*Task directions:* Could you transcribe all of the data word for word?

[Excerpts from a dataset]
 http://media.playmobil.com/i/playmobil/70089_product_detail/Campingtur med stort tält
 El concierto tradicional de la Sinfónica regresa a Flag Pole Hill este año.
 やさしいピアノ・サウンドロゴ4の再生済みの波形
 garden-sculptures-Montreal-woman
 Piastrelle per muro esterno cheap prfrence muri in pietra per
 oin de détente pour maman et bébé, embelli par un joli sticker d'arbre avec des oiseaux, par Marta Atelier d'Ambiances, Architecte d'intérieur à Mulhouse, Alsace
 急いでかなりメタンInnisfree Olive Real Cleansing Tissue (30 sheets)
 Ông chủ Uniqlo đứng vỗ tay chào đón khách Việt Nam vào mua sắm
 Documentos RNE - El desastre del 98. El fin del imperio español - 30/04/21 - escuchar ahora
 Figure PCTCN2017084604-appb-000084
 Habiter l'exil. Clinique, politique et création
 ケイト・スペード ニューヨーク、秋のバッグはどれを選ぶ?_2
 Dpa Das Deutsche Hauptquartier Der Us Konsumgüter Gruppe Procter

*Response for this exercise:*
 http://media.playmobil.com/i/playmobil/70089_product_detail/Campingtur med stort tält
 El concierto tradicional de la Sinfónica regresa a Flag Pole Hill este año.
 やさしいピアノ・サウンドロゴ4の再生済みの波形
 garden-sculptures-Montreal-woman
 Piastrelle per muro esterno cheap prfrence muri in pietra per
 oin de détente pour maman et bébé, embelli par un joli sticker d'arbre avec des oiseaux, par Marta Atelier d'Ambiances, Architecte d'intérieur à Mulhouse, Alsace
 急いでかなりメタンInnisfree Olive Real Cleansing Tissue (30 sheets)
 Ông chủ Uniqlo đứng vỗ tay chào đón khách Việt Nam vào mua sắm
 Documentos RNE - El desastre del 98. El fin del imperio español - 30/04/21 - escuchar ahora
 Figure PCTCN2017084604-appb-000084
 Habiter l'exil. Clinique, politique et création
 ケイト・スペード ニューヨーク、秋のバッグはどれを選ぶ?_2
 Dpa Das Deutsche Hauptquartier Der Us Konsumgüter Gruppe Procter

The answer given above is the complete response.